Vector Data Management & Optimization

Author

Jeff McKenna

Contact

jmckenna at gatewaygeomatics.com

Original Author

HostGIS

Last Updated

2021-04-14

Choose the right vector format for your needs

  • The best/optimal vector data source for MapServer in terms of speed-of-display is .shp.

  • For databases, MapServer displays PostGIS layers very fast, and some custom tricks are included in the MapServer source specifically for PostGIS + MapServer draw speed. PostGIS is therefore recommended.

  • SpatiaLite is recommended for those who require a portable format, and works very well with MapServer.

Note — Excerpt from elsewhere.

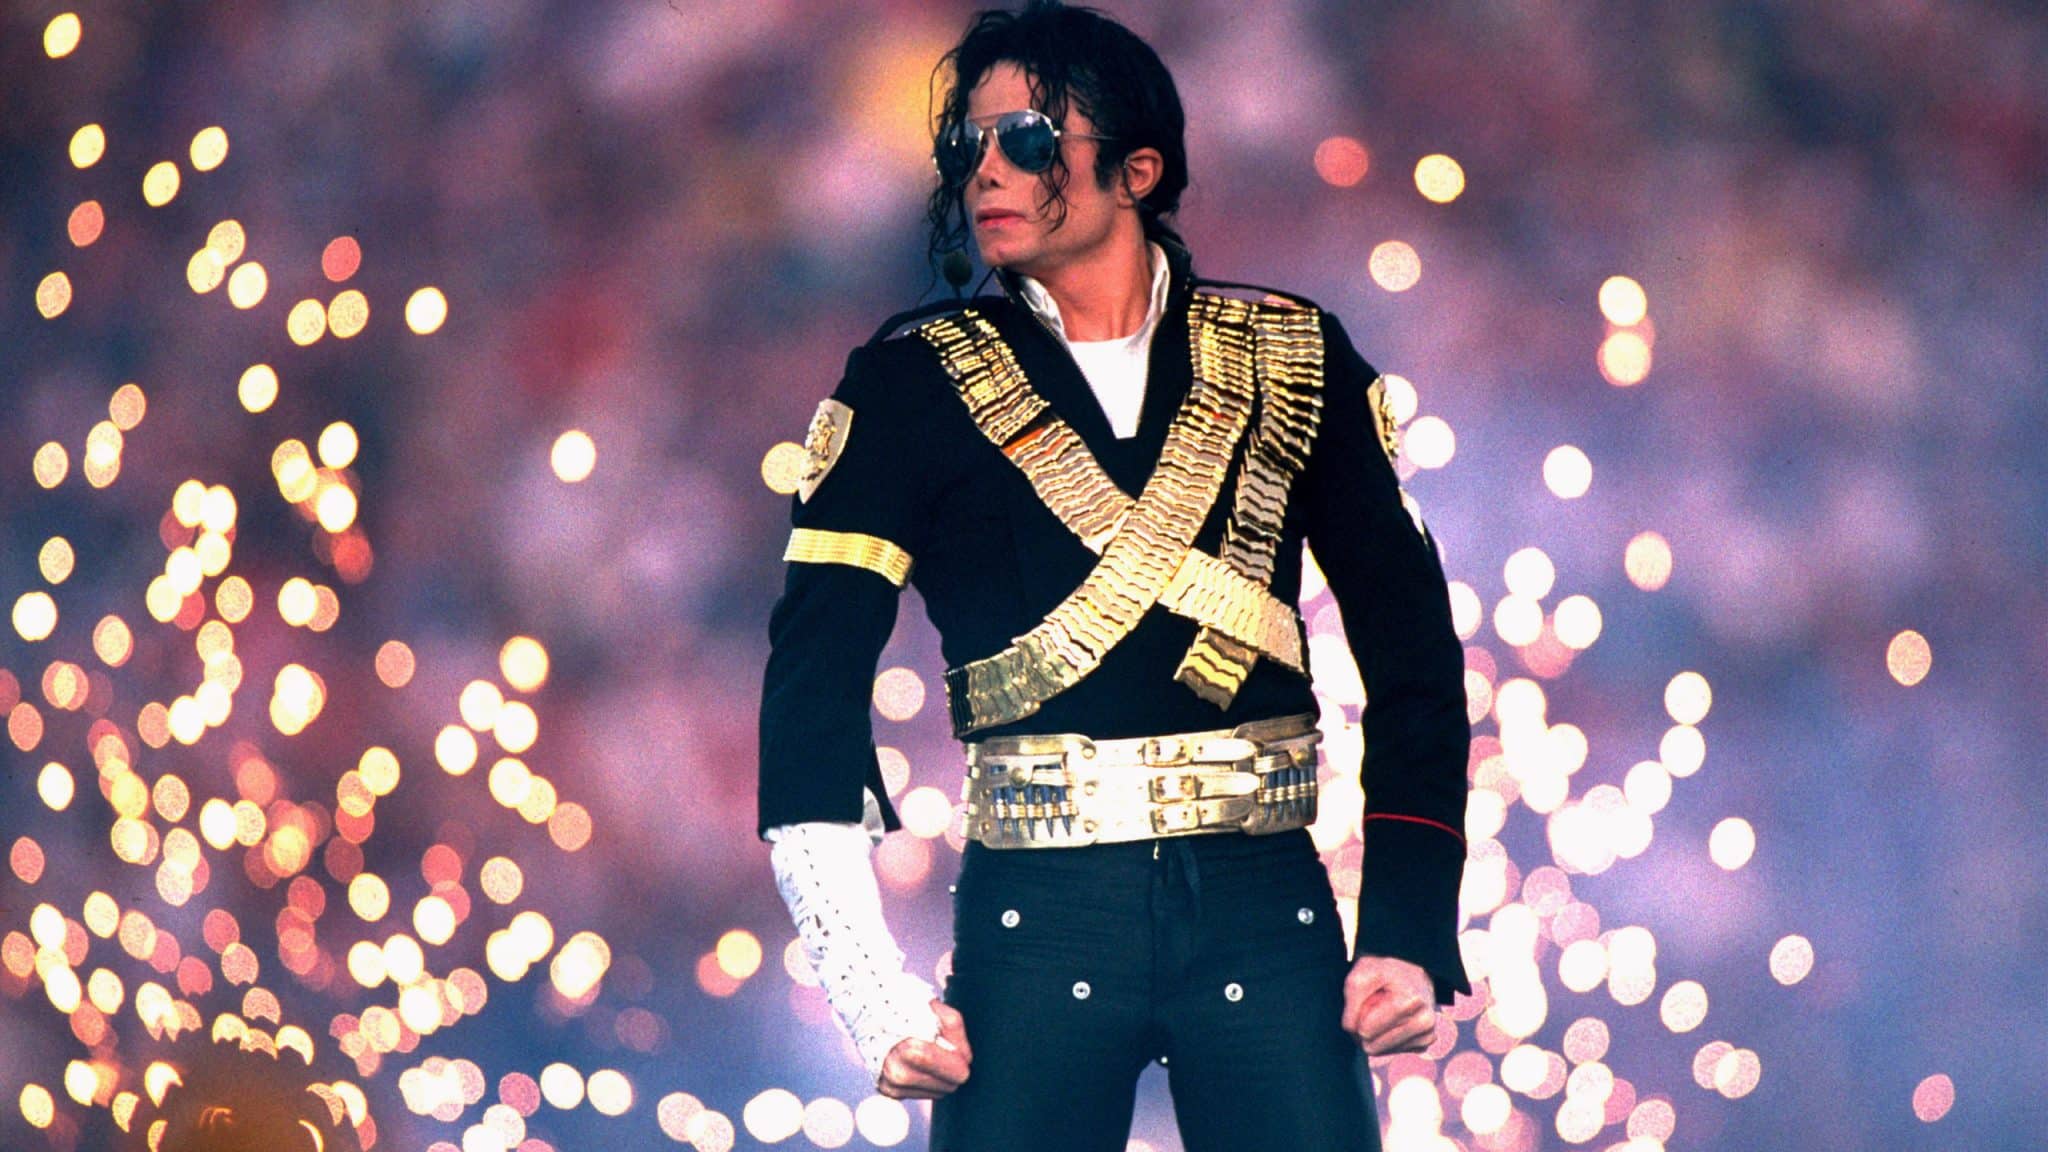 Michael Jackson Birthday
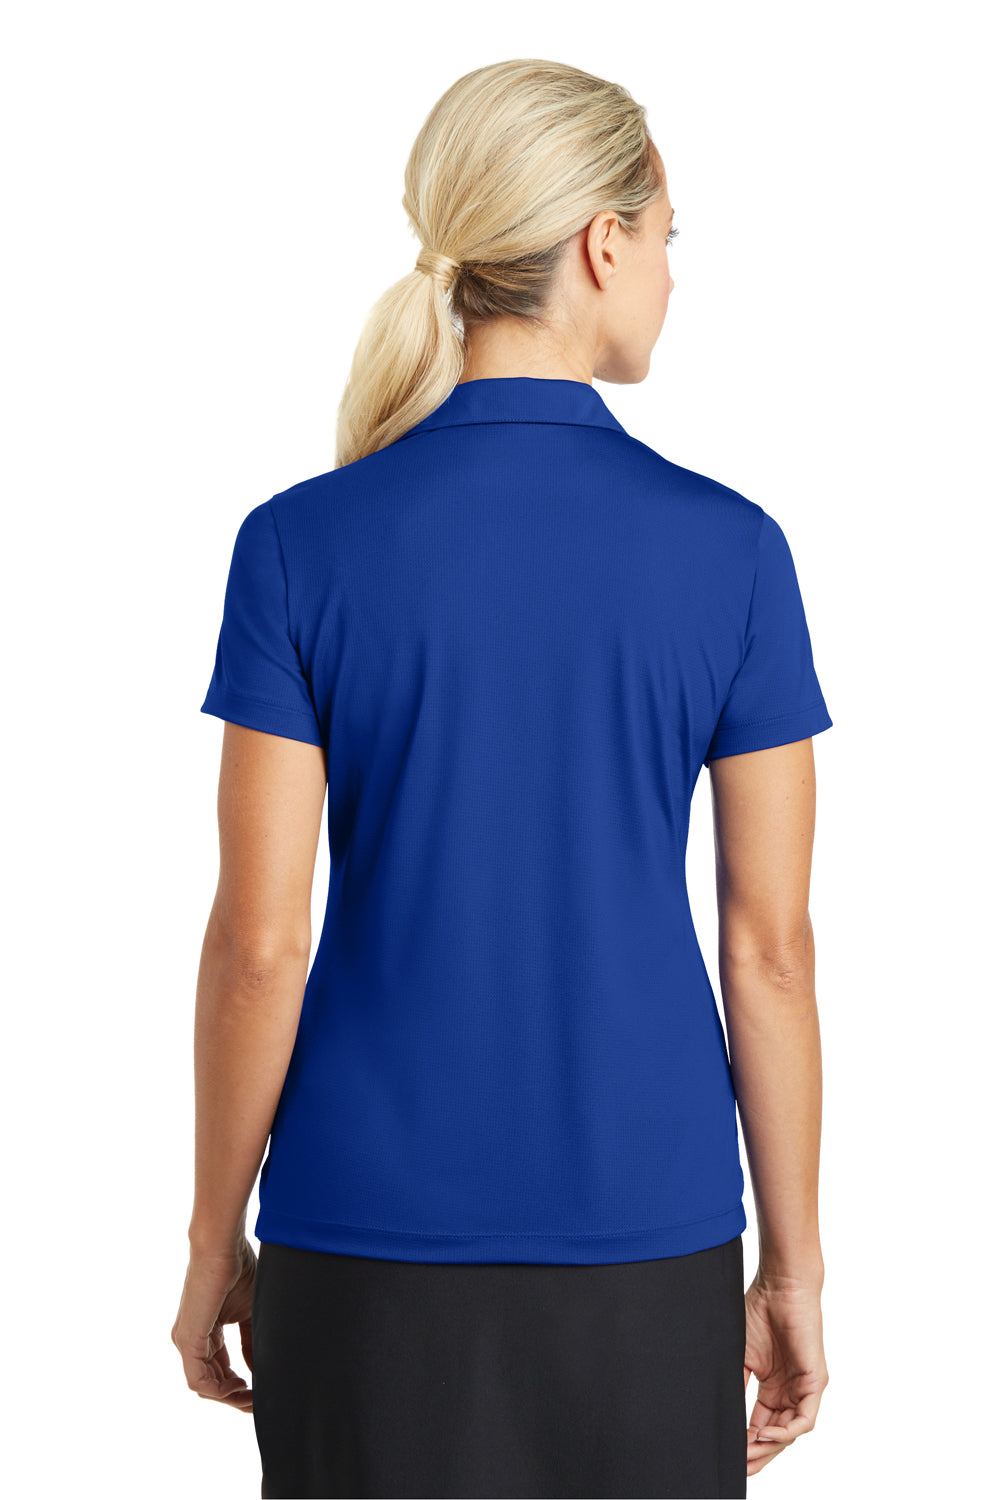 Nike 637165 Womens Dri-Fit Moisture Wicking Short Sleeve Polo Shirt Royal Blue Model Back

Spend time to review GDAL’s associated driver page for your chosen format

This is a critical step, as MapServer relies on GDAL (actually the OGR part of the project, which handles vectors) for vector data access. Each driver (OGR format) has its own set of abilities and switches. Find your vector format and review its options here.

Connect to your data through OGR/GDAL

For data management in MapServer, this should always be one of your first steps. Sometimes desktop GIS programs will display a format or its attributes in a certain way (such as in uppercase) but your data might not display in MapServer; checking how OGR/GDAL reads your data file or database table, will help you manage the data. The OGR Vector Layers Through MapServer document has excellent examples (for ogrinfo and other commands) to connect to your data. Here is an example connecting to a PostGIS database, and returning a list of spatial tables:

ogrinfo -ro PG:"host=127.0.0.1 user=postgres password=postgres port=5432 dbname=mydb"

      INFO: Open of `PG:host=127.0.0.1 user=postgres password=postgres port=5432 dbname=mydb'
            using driver `PostgreSQL' successful.
      1: popplace (Point)
      2: province (Multi Polygon)

Then get a summary of the ‚popplace‘ table through ogrinfo:

ogrinfo -ro PG:"host=127.0.0.1 user=postgres password=postgres port=5433 dbname=mydb" popplace -summary


    INFO: Open of `PG:host=127.0.0.1 user=postgres password=postgres port=5433 dbname=mydb'
          using driver `PostgreSQL' successful.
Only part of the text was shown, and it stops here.